Oddly enough, RegEx searches don't seem to struggle with this if it's in the middle (for example air a' bhòrd gets all the desired results) but ' at beginning or end of a search string is not treated as part of a word by RegEx.

We've ascertained this is part of the RegEx specification (only alphanumeric characters and _ are treated as part of a word) but we're wondering if it is it possible to write a RegEx expression that also treats apostrophes as part of a word?

This is what we're currently getting:

-- Demonstration on MySQL 5.6.21 Community
Select ('cat''s' REGEXP CONCAT('[[:<:]]', 'cat''s', '[[:>:]]'));
-- returns 1
Select ('''cat''s' REGEXP CONCAT('[[:<:]]' ,'''cat''s' ,'[[:>:]]' ));
-- returns 0
Select ('_cat''s' REGEXP CONCAT('[[:<:]]' ,'_cat''s' ,'[[:>:]]' ));
-- returns 1
Select ('-cat''s' REGEXP CONCAT('[[:<:]]' ,'-cat''s' ,'[[:>:]]' ));
-- returns 0
Select (' cat''s' REGEXP CONCAT('[[:<:]]' ,' cat''s' ,'[[:>:]]' ));
-- returns 0
Select ('cat''' REGEXP CONCAT('[[:<:]]' ,'cat''' ,'[[:>:]]' ));
-- returns 0

Any suggestions greatly welcomed :)

akerbeltz
  • 21
  • 3
  • Are you testing the entire column for being a "word"? Or are you checking for a "word" inside a longer string? – Rick James Jan 20 '19 at 02:41
  • Is a quoted `'cats'` a "word"? In your test case, it would be `'''cats'''`. Ditto for `"cats"`. – Rick James Jan 20 '19 at 02:44
  • If GMB's Answer turns out to be inadequate, please provide a longer list of "words" that should pass and a list of "words" that don't pass. – Rick James Jan 20 '19 at 02:46

1 Answers1

1

I think that you should provide your own definition of what a word character is, instead of relying on default ICE word boundaries ([[:<:]], [[:>:]]). From the mysql 5.6 documentation :

A word is a sequence of word characters that is not preceded by or followed by word characters. A word character is an alphanumeric character in the alnum class or an underscore (_).
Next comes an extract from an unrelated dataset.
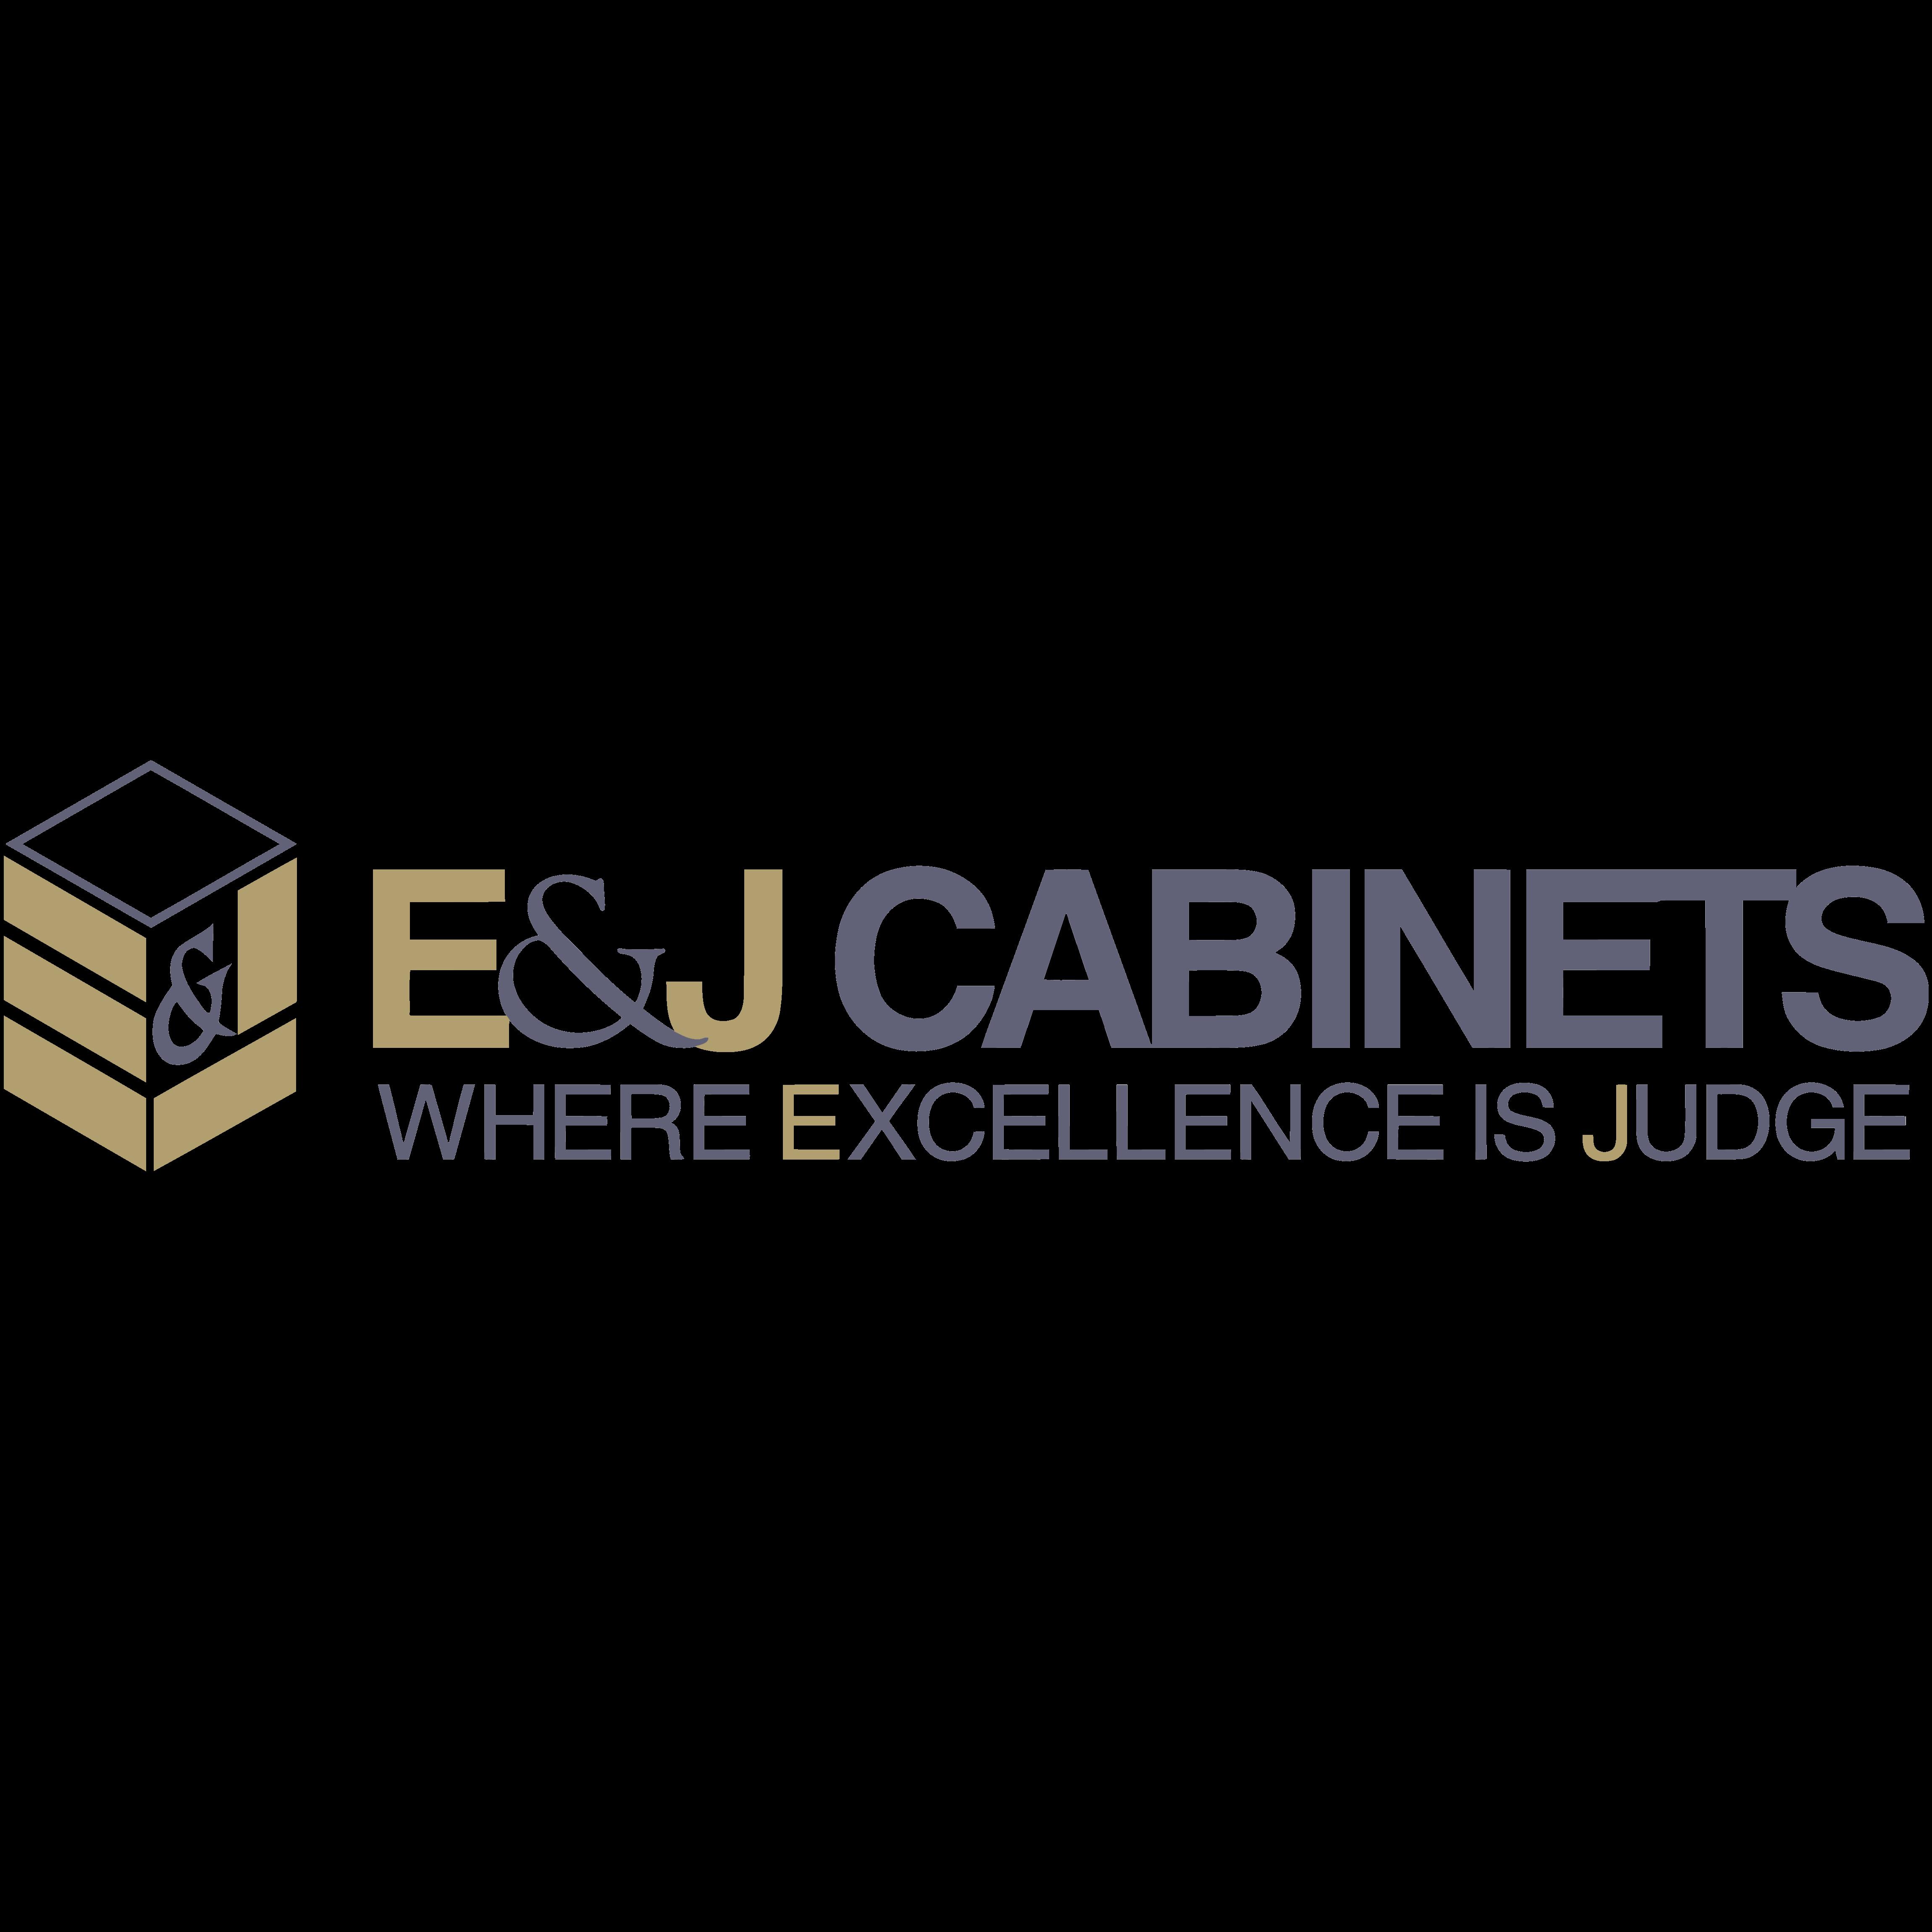 E & J Cabinets

That would mean : '^|[^[:alnum:]_]'

^             -- the beginning of the string
|             -- OR
[^            -- any character OTHER than
    [:alnum:]     -- an alphanumeric character
    _             -- an underscore
]

And ICE end of string would be : '[^[:alnum:]_]|$', where $ represents the end of string.

You could just modify this to add the single quote in the character class, like :

  • beginning : '^|[^[:alnum:]_'']'
  • end : '[^[:alnum:]_'']|$'

Here is your regex :

SELECT (val REGEXP CONCAT('(^|[^[:alnum:]_''])', 'cat''s', '([^[:alnum:]_'']|$)'));

See the demo on dbfiddle

Schema (MySQL v5.6)


Query #1

Select ('cat''s'
    REGEXP CONCAT('(^|[^[:alnum:]_''])', 'cat''s', '([^[:alnum:]_'']|$)')) res;
| res |
| --- |
| 1   |

Query #2

Select ('''cat''s' 
    REGEXP CONCAT('(^|[^[:alnum:]_''])', '''cat''s', '([^[:alnum:]_'']|$)' )) res;
| res |
| --- |
| 1   |

Query #3

Select ('_cat''s'
    REGEXP CONCAT('(^|[^[:alnum:]_''])', '_cat''s' , '([^[:alnum:]_'']|$)' )) res;
| res |
| --- |
| 1   |

Query #4

Select ('-cat''s'  
    REGEXP CONCAT('(^|[^[:alnum:]_''])', '-cat''s' , '([^[:alnum:]_'']|$)' )) res;
| res |
| --- |
| 1   |

Query #5

Select (' cat''s' 
    REGEXP CONCAT('(^|[^[:alnum:]_''])', ' cat''s' , '([^[:alnum:]_'']|$)' )) res;
| res |
| --- |
| 1   |

Query #6

Select ('cat'''
    REGEXP CONCAT('(^|[^[:alnum:]_''])', 'cat''' , '([^[:alnum:]_'']|$)' )) res;
| res |
| --- |
| 1   |

GMB
  • 216,147
  • 25
  • 84
  • 135